By John Richardson
THE tide of credit that lifted all boats in China meant that chemicals company CEOs could get away with clichés such as “the rise of the middle classes” and “increasing urbanisation” and later point to strong sales figures as support for their arguments.
But now the CEOs are going to have to work a lot harder to convince journalists and investors that they have the right strategies in place, as a result of the great credit drawdown – presuming, of course, that we ask them the right questions.
A classic example of a major end-use industry for many chemicals and polymers where this so evidently applies is autos – as we discussed yesterday.
And for one particular grade of polymer that goes into autos – impact copolymer polypropylene (PP) – concerns are building over whether new investments could amount to over-investments. Impact copolymer PP is used as the base material for producing filled and reinforced compounds for many automotive structural applications.
“Overseas producers have been building a great deal of both resin capacity and compounding capacity to serve China’s auto markets,” an industry source told the blog.
“A lot of these investments are in ‘value-added’ impact copolymer PP and I worry that, because autos growth has slowed down in China, the market might not be there for all this capacity.”
Several companies have already expanded – or plan to expand – their PP compounding capacities in China in order to serve the local autos market. Companies involved in this sector include Borouge, SABIC, LyondellBasell and Mitsui Chemicals.
But an industry observer felt that a lot more questions have to be answered before pressing the panic button.
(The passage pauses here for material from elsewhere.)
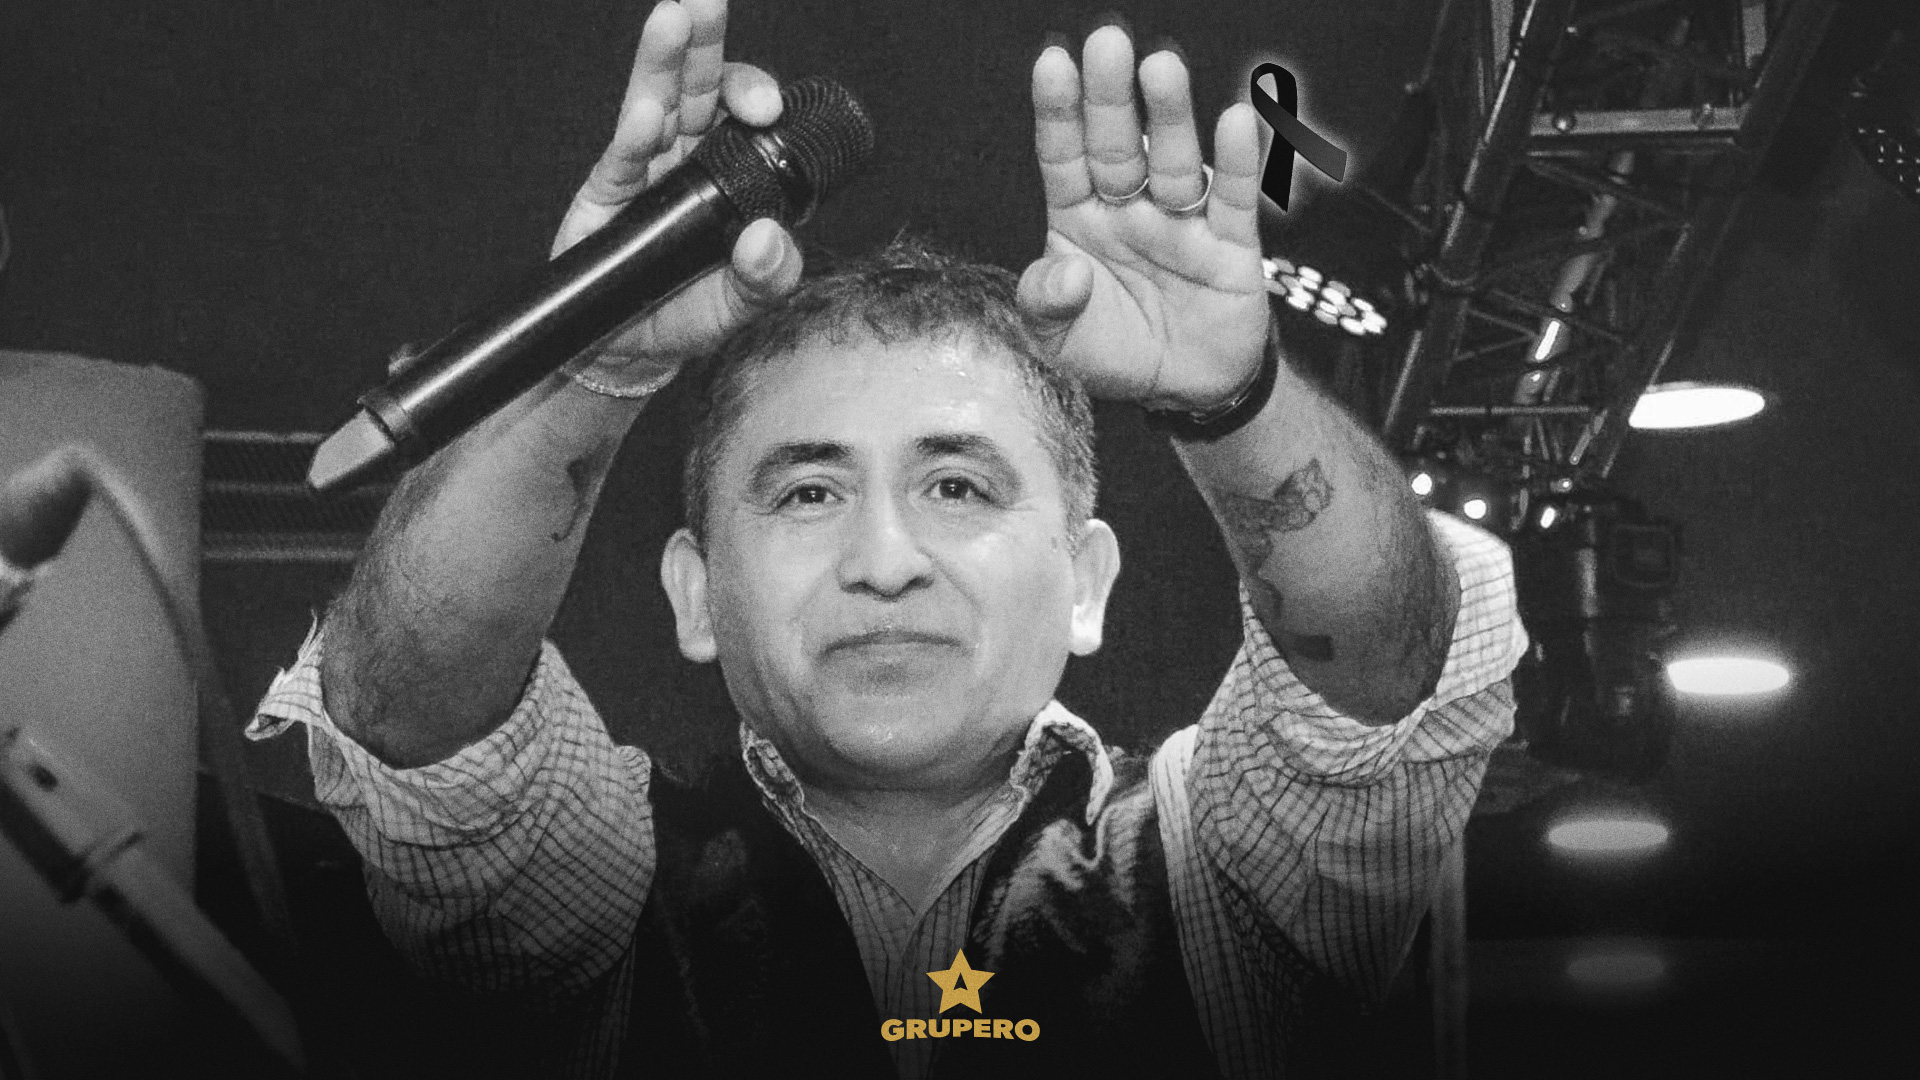 Fallece el cantante Huguito Flores “El Super” en trágico accidente
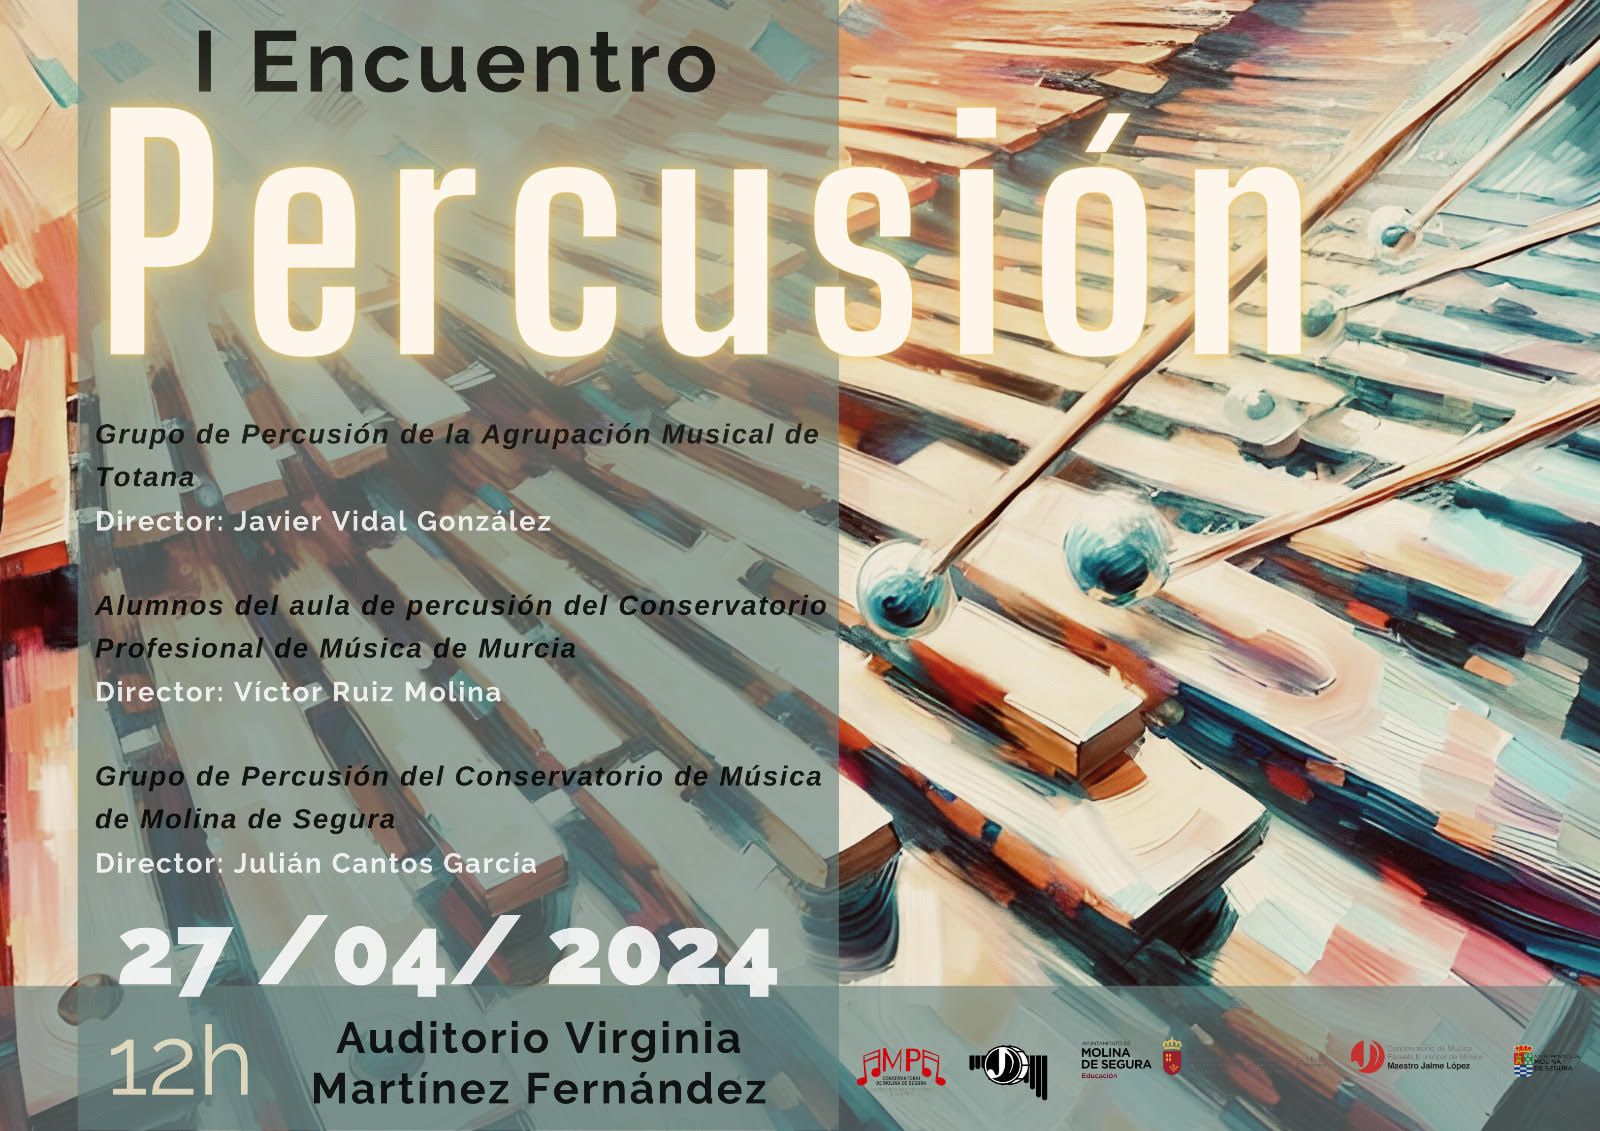 El Conservatorio de Música ‘Maestro Jaime López’ de Molina de Segura organiza el I Encuentro de Percusión el sábado 27 de abril

For example, he said that:
- Investors and other industry observers need to take a close look at China’s impact copolymer import volumes, which we intend to do. It could be that new compounding capacity will merely be replacing imports.
- Because of quality issues, the foreign auto manufacturers will often only buy from overseas PP producers with the right impact copolymer technologies, as local suppliers cannot meet specifications of GM, Honda etc. This particular polymers markets might therefore be shielded from low-cost local competition.
- And given that companies such as Volkswagen are significantly increasing their production capacities in China, this could mean a lot more “captive demand” for the overseas PP producers.
But the observer added that China’s auto market had become a lot more complex resulting in, obviously, a lot more potential outcomes.
Impact copolymer PP might, for instance. still be dragged into the “race to the bottom” as automakers seek to lower costs to capture the only market that will see strong growth in China in the future: The one for cars that sell at around $3,000 a time.
This could involve automakers lowering the PP compound specifications for future models made in China and demanding lower prices from their suppliers, leading to lower margins.
This might entail using less impact modifiers during compounding, which would, of course, weaken the performance of the final product.
“Ten to 20% of modifiers – polyolefin elastomers – are normally added in the compounding process, but cost pressures might result in this being lowered to 5-10%,” said the observer.
There is another complication, however. European automakers tend to use greater volumes of polycarbonate (PC)/acrylonitrile butadiene styrene (ABS) compounds, instead of impact copolymer PP, for their higher-end models.
These compounds are more expensive than PP – and so a greater focus on costs might actually stimulate demand for high-specification impact copolymer PP.